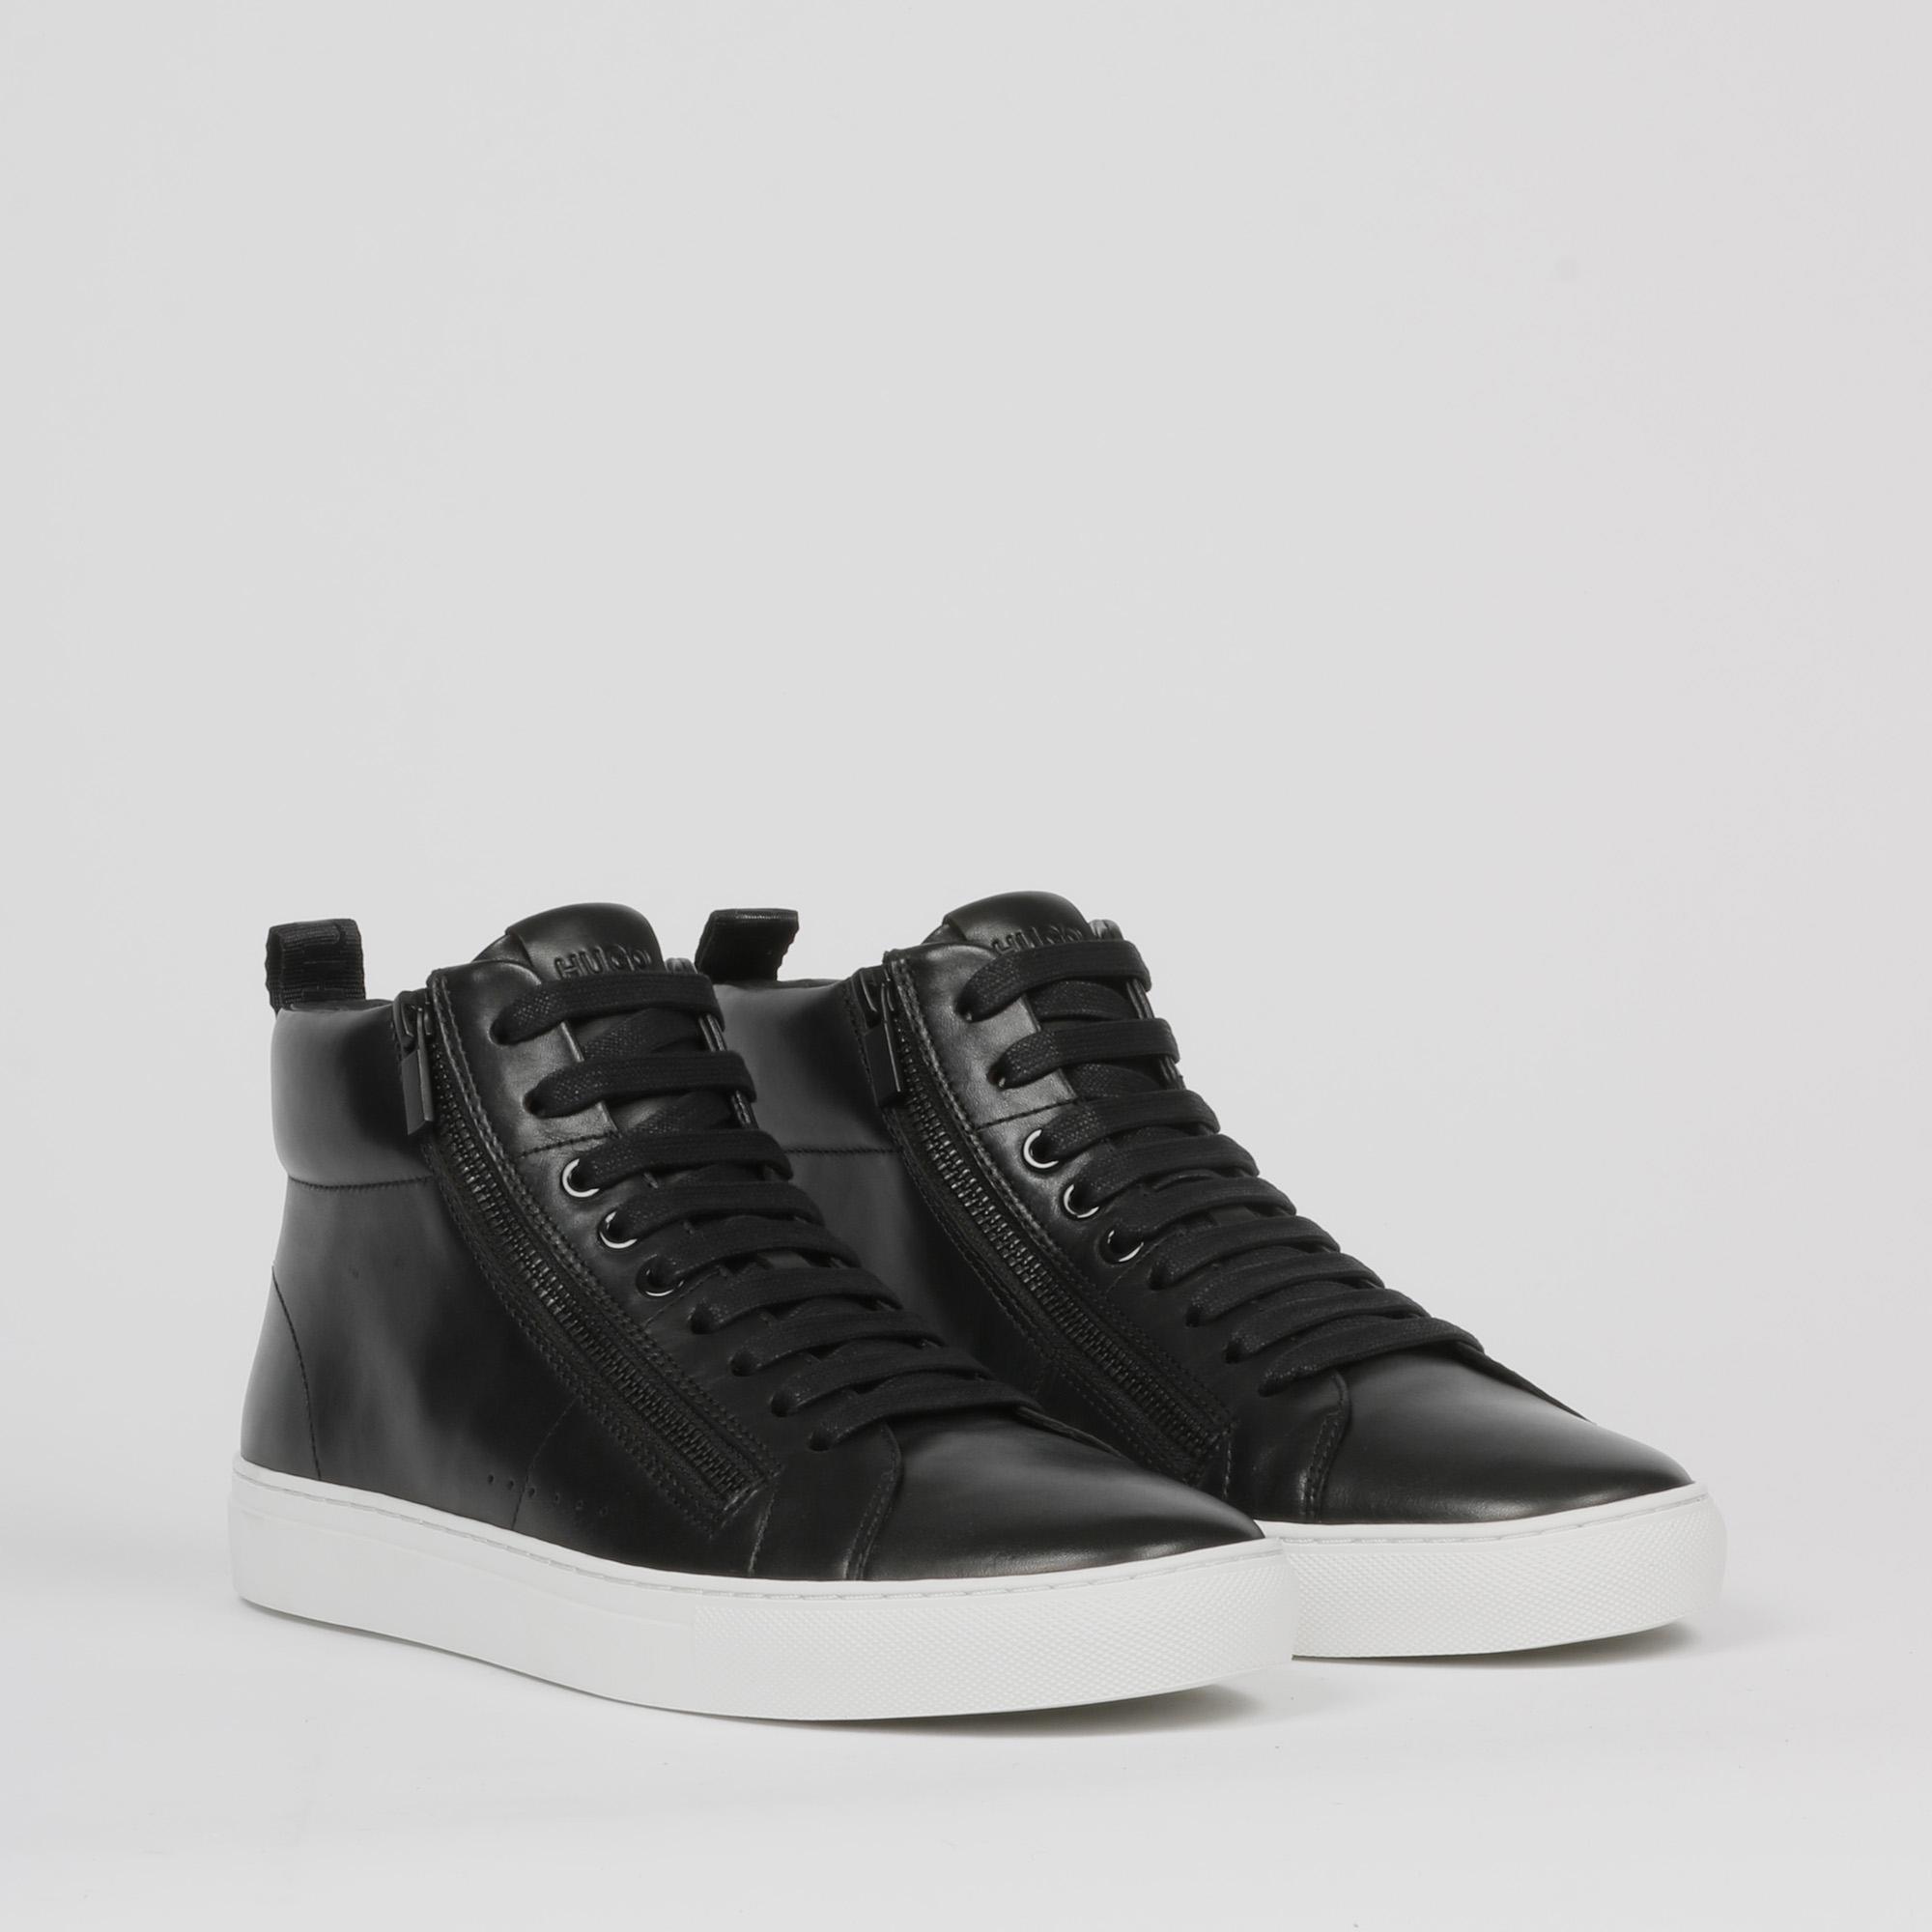 Sneakers futurism hito - Nero
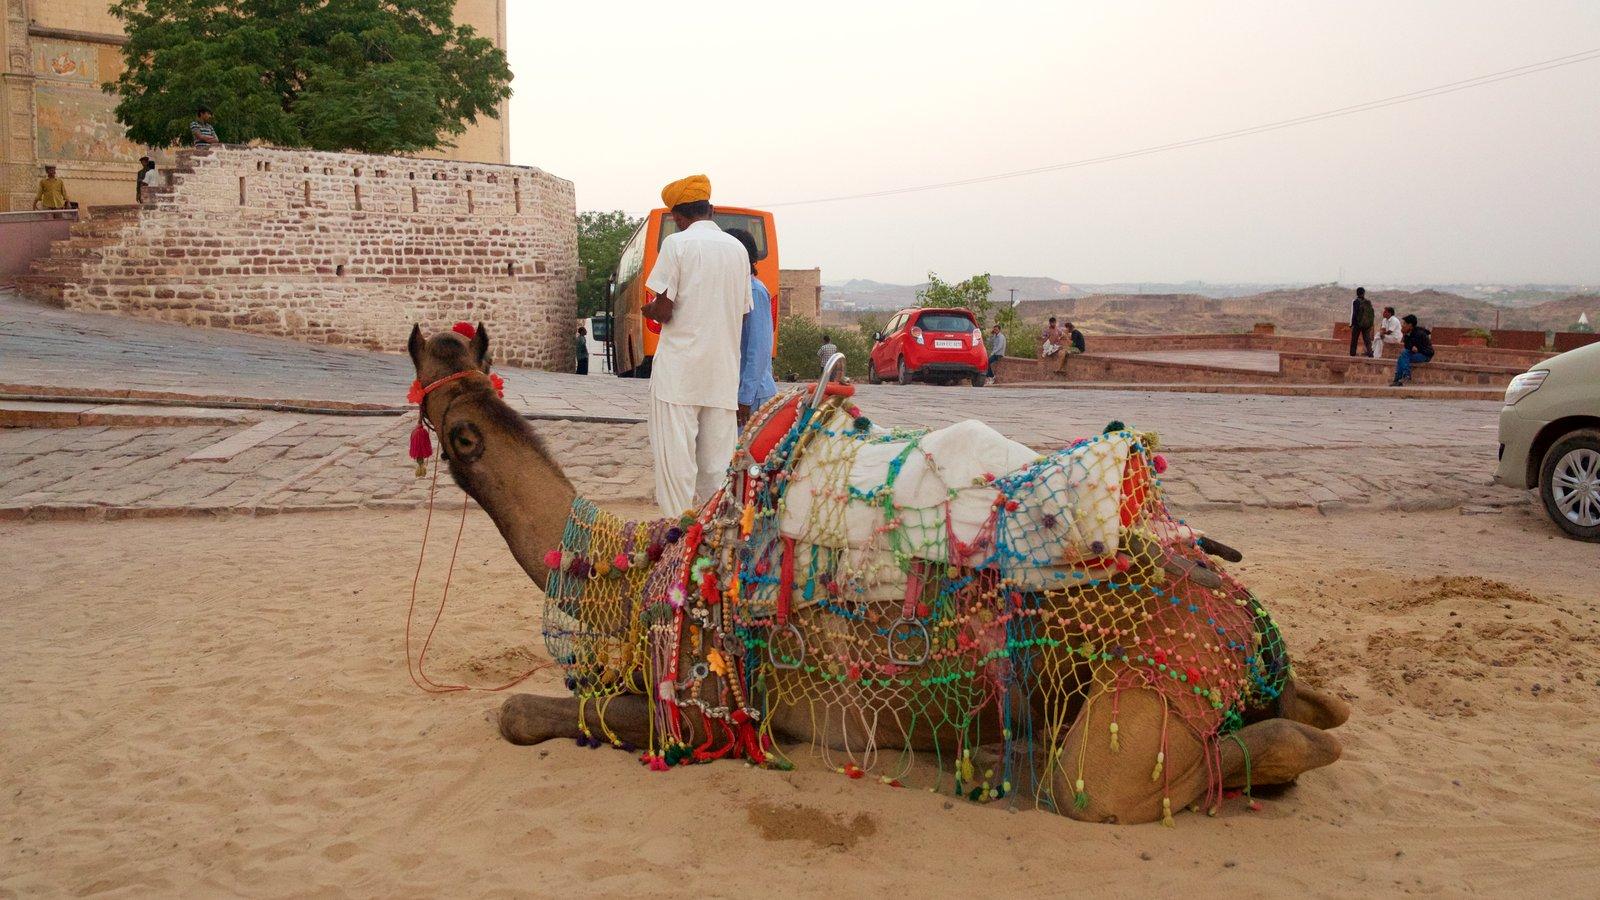 Mehrangarh Fort ofreciendo vistas al desierto y animales terrestres
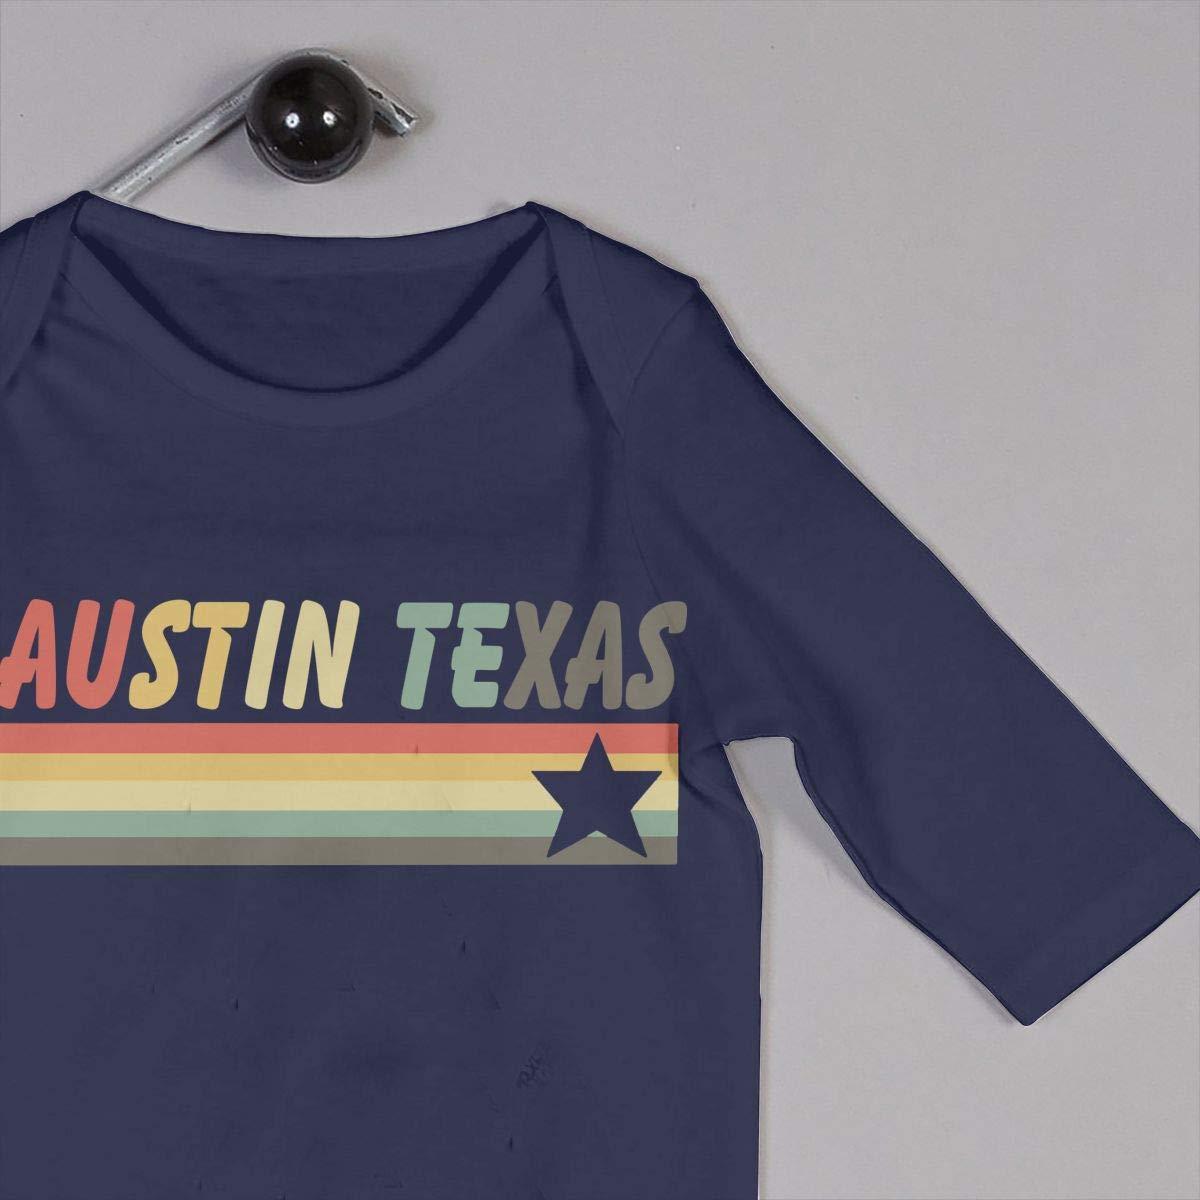 TYLER DEAN Newborn Baby Bodysuits Austin Texas Baby Rompers
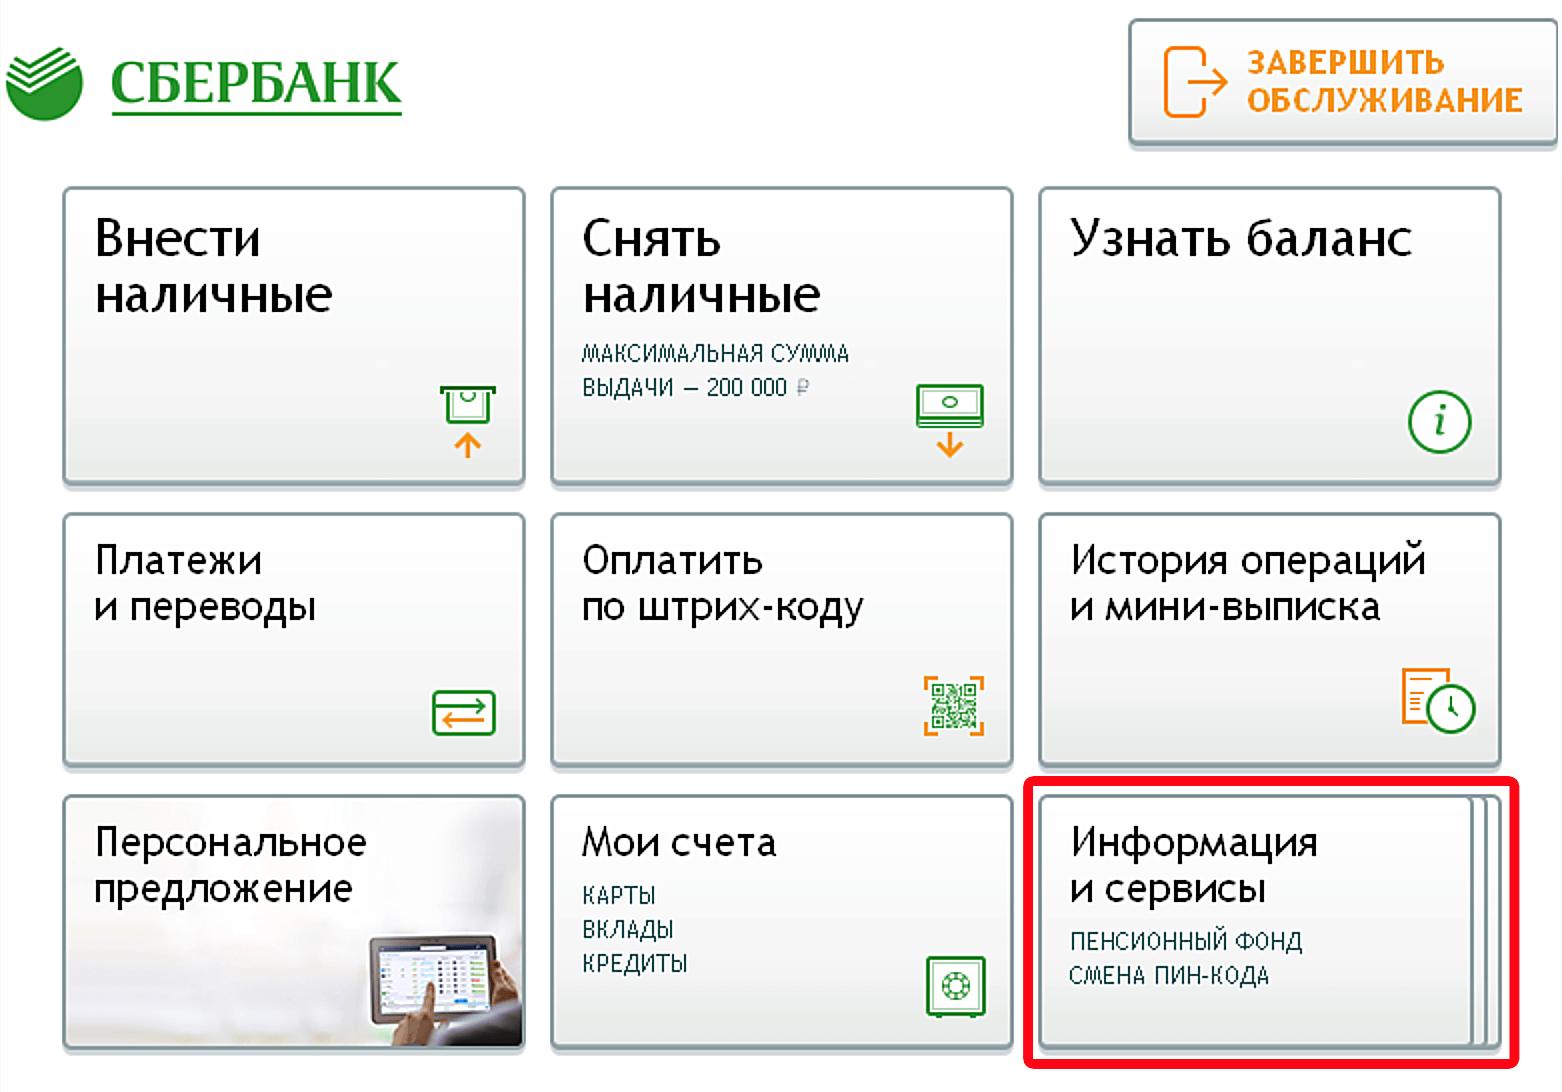 Как отключить СМС оповещение от карты Сбербанка

WORK TO BE COMPLETED: Word for word, please, restate the lines of the listing from the one holding "TYLER DEAN Newborn" down to the last line, leaving out any pictures.

ANSWER SPACE:
 TYLER DEAN Newborn Baby Bodysuits Austin Texas Baby Rompers
 Как отключить СМС оповещение от карты Сбербанка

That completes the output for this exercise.